The English Historical Review is sharing Matthew McCormack’s article “‘So Manly and Ornamental’: Shoe Buckles and Britain’s Eighteenth Century.”

I suspect this article could be of particular interest to reenactors, especially those portraying the upper-class and striving members of society.

From the abstract:
At the time, shoes were manufactured without fastenings and the buckle was purchased separately. This offered opportunities for decoration, particularly for men, whose shoes were otherwise plain and unchanging.

Over the course of the century, buckles grew larger and more elaborate, reaching their apogee in the ‘Artois’ style of the 1780s. In the wake of the French Revolution, buckles came to be associated with effeminacy and the excesses of the aristocracy, so fell from fashion.
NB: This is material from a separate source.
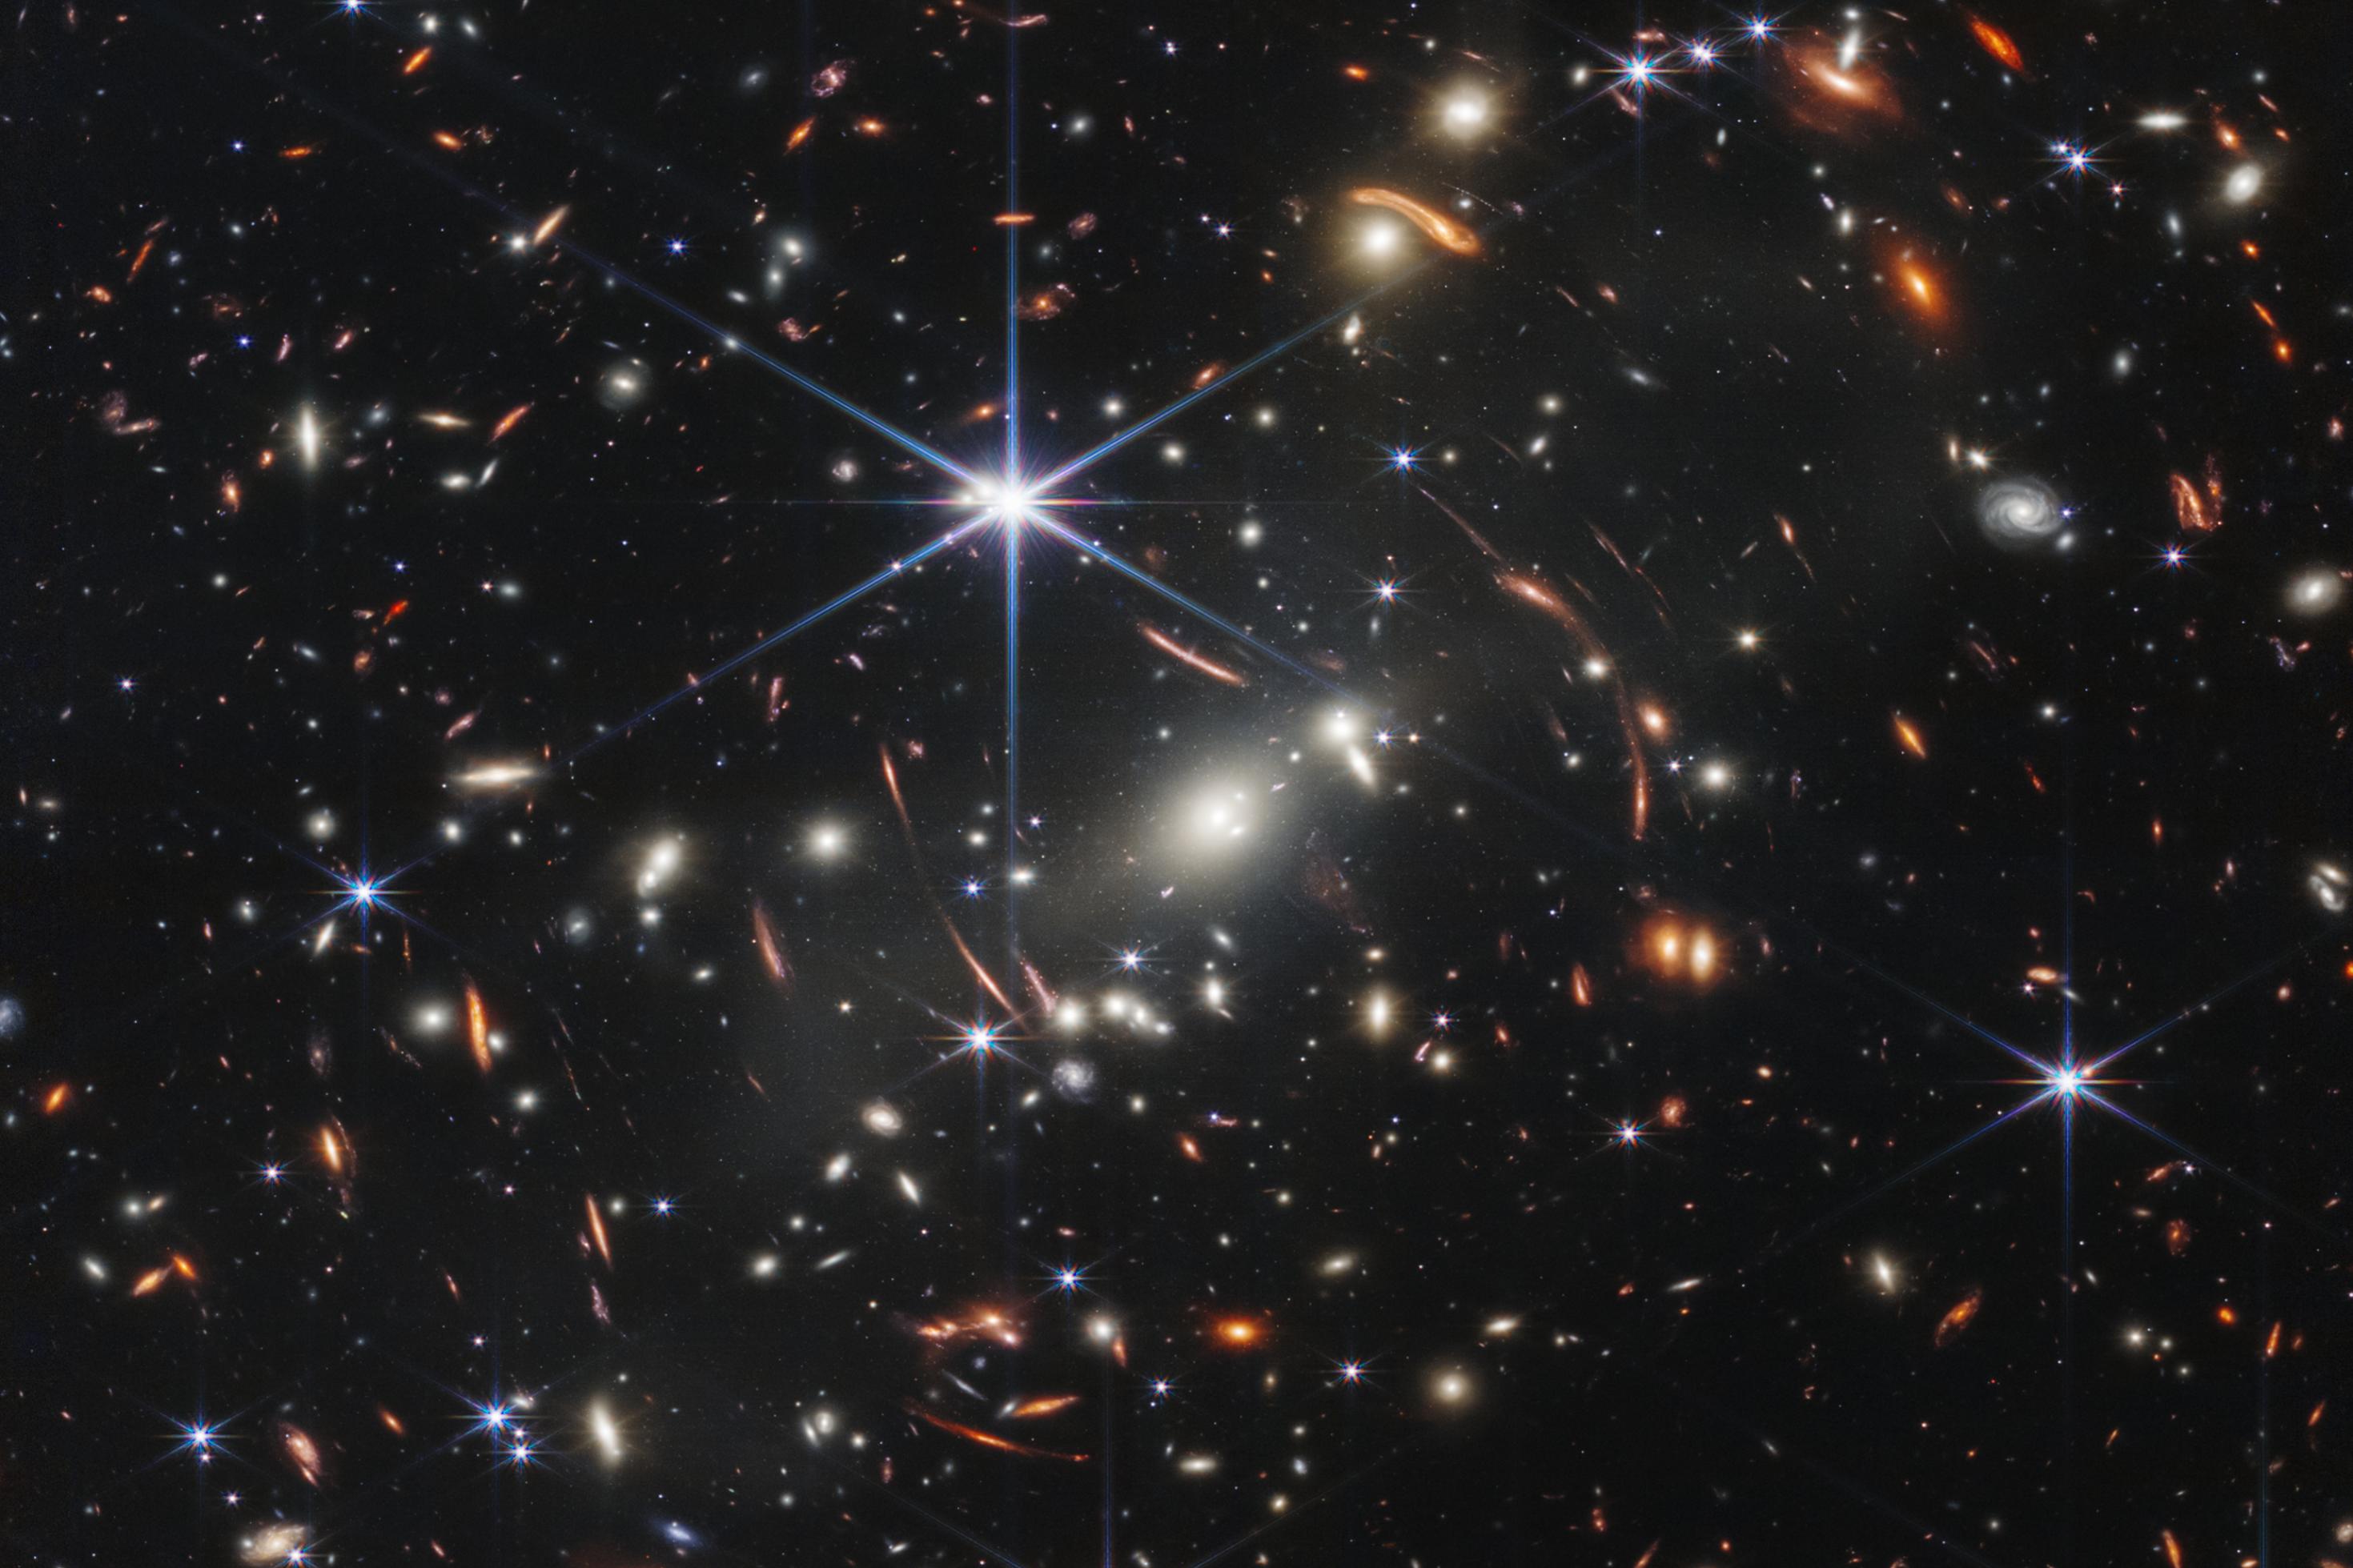 In dieser ersten Aufnahme des James Webb Space Telescope sind zahlreiche Galaxien zu sehen. Die zentralen in der Bildmitte gehören eine Galaxiencluster an, der mit seiner Masse das Licht dahinter liegender Galaxien umlenkt und verzerrt. So erschienen um den zentralen Cluster herum gebogene Objekte, Galaxien aus dem frühesten Universums.

This article explores the roles of gender and class in this story, and will challenge the usual association of the buckle with foppery, demonstrating that they were consistent with mainstream masculinities until the 1790s.
About that point, McCormack writes in the conclusion, “the buckle trade was done for.”

And even if you’re just not that into clothing, there’s some snazzy historiographical content:
The shoe historians Bernard and Therle Hughes deployed an extract from The London Spy (1698), in which city beaus wear ‘Shoes black as Jet, which shin’d by much Rubbing … displayed Buckles preserv’d bright in a Box of Cotton, that they dazzled the Eyes of each Beholder like a piece of Looking-Glass in the Sunshine’. This passage has been re-quoted by subsequent shoe historians, since it conveniently reinforces the image of buckles as showy and excessive, but it is in fact a misquotation: the original passage instead refers to black boots (which did not have buckles) and shiny spurs.
For more along the same lines, Routledge is ready to share McCormack’s chapter from the essay collection Everyday Political Objects, titled “Wooden Shoes and Wellington Boots: The Politics of Footwear in Georgian Britain.”

[Shown above: Jeremiah Lee’s shins and shoe buckles, by John Singleton Copley.]